À la naissance d’Henri Matisse (1869), la ville du Cateau compte quelque 6500 habitants. Dans cette grosse bourgade, devenue l’un des principaux centres lainiers du nord de la France, les activités de commerce ont suivi le spectaculaire développement démographique : ainsi, on y dénombre 59 cabaretiers, 27 épiciers, 21 bouchers et charcutiers, 21 marchands d’étoffe et modistes, 18 aubergistes, 17 cordonniers, 16 boulangers, 14 tanneurs et bourreliers, 13 tailleurs, 9 brasseurs, 8 marchands de charbon, 6 chapeliers, 5 blanchisseurs, 5 couteliers, 4 marchands de bois, 1 banquier escompteur, 1 fabricant de savon et 1 marchand de chausson.
À une quinzaine de kilomètres du Cateau, la petite ville de Bohain en Vermandois, où est installée la famille Matisse, est un centre de tissage à la main comptant une quarantaine d’ateliers tenus par des artisans qualifiés réputés. Ici, on travaille les velours, la soie, les cachemires pour confectionner voiles, foulards et autres taffetas enrichis de fils d’or et d’argent qui font la renommée. Un artisanat précieux et coloré qui, soulignent les historiens d’art, n’a pu qu’influencer le jeune Matisse.

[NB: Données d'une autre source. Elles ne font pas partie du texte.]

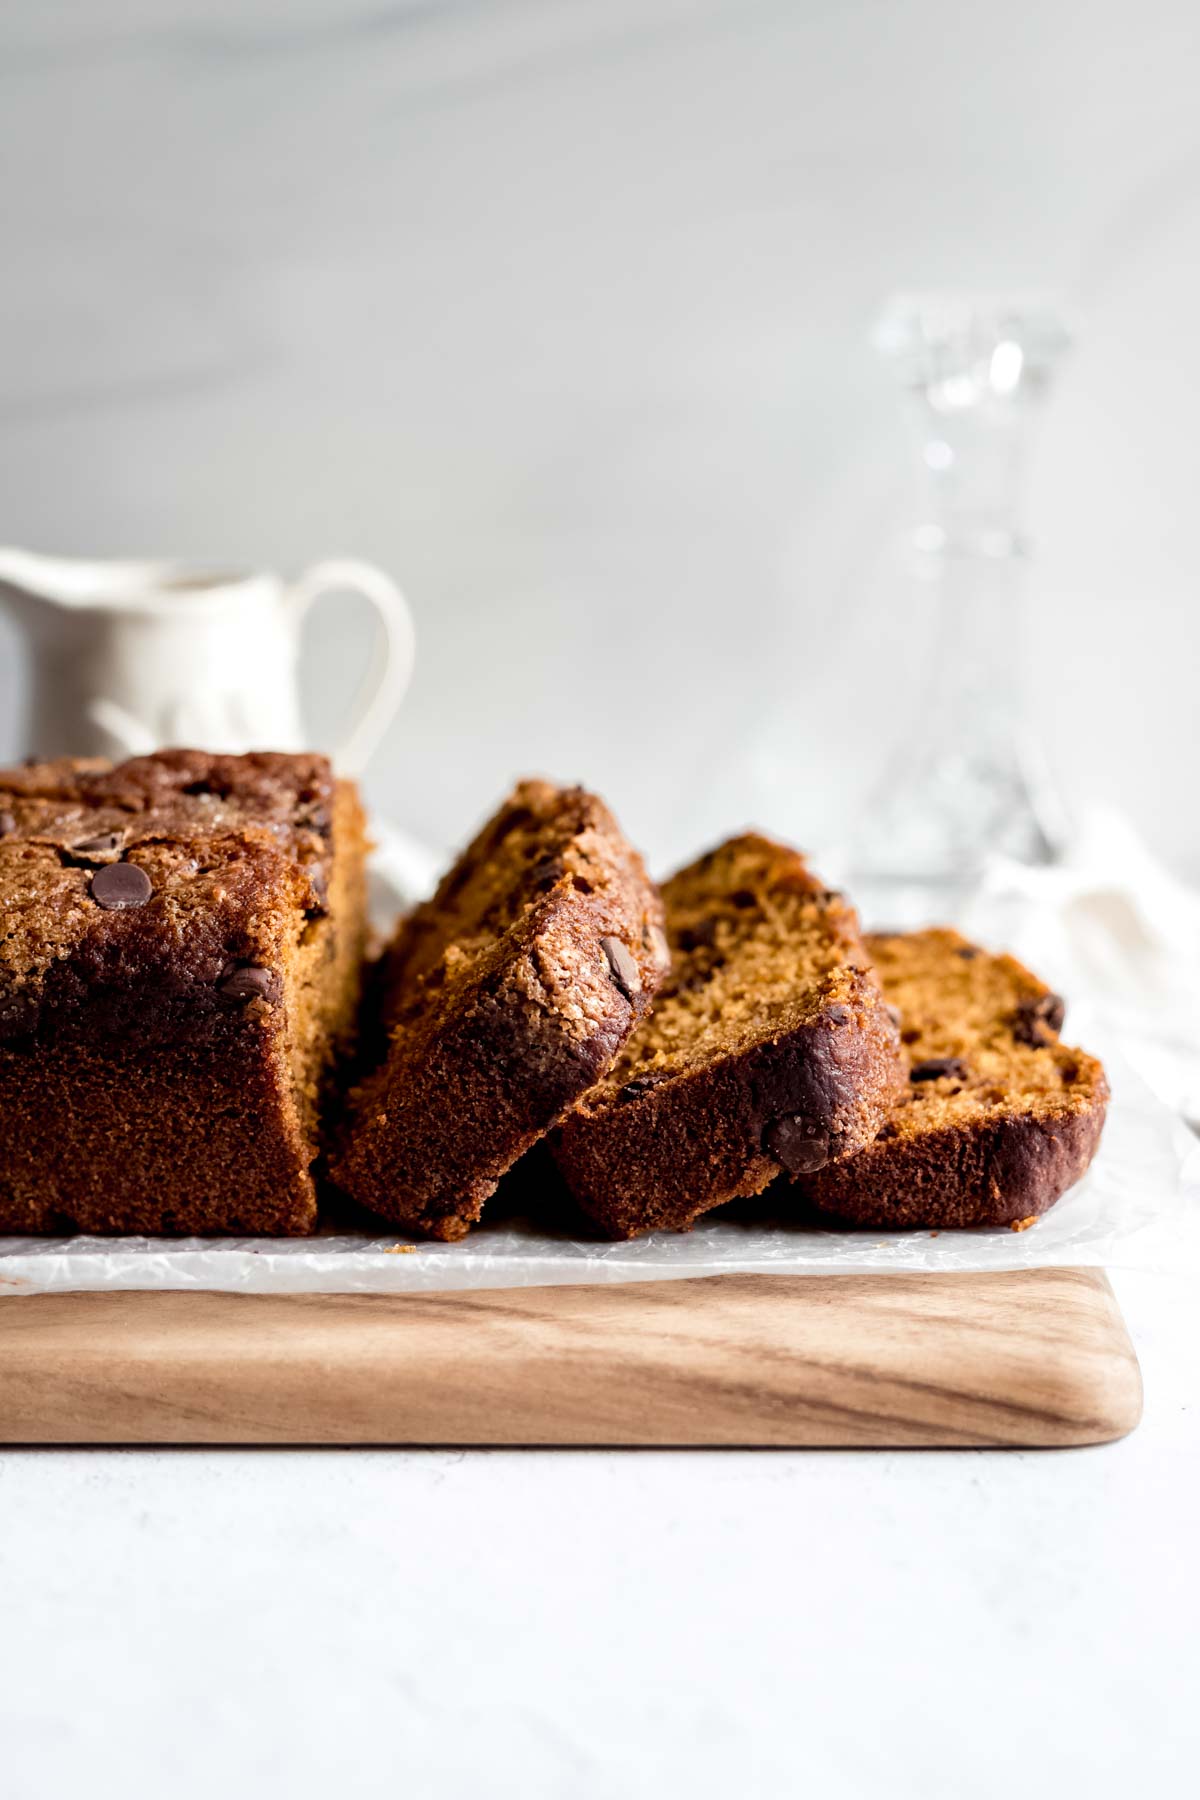 Chocolate Chip Pumpkin Bread sliced from the side

C’est ici, non loin de l’hôtel de ville, que les parents d’Henri Matisse ont ouvert une graineterie-droguerie en 1870. Contredisant les usages du temps qui voulaient qu’un fils, devenu adulte, poursuive l’activité commerçante du père, Henri, qui a été écolier à Bohain, collégien au Cateau, lycéen à Saint-Quentin, va trouver sa voie grâce… à une « appendicite à récidive » qui le cloue au lit un long moment : sa mère, qui avait saisi son attirance pour le dessin, lui offre une boîte de couleurs. « Avant, je n’avais de goût à rien, j’éprouvais une grande indifférence pour tout ce qu’on voulait me faire faire. A partir du moment où j’ai eu cette boîte de couleurs entre les mains, j’ai senti que c’était là qu’était ma vie » racontera-t-il plus tard. « Comme une bête qui va à ce qu’elle aime, je me suis dirigé là-dedans, au désespoir bien compréhensible de mon père qui m’avait fait faire d’autres études ».
Monté, sur proposition de son père, faire son droit à Paris, revenu travailler chez un notaire de Saint-Quentin, il n’a plus qu’une idée en tête : se trouver le plus de temps disponible pour le dessin, ses boîtes de couleurs. « La clef d’un nouveau monde » comme l’écrit Bruno Vouters.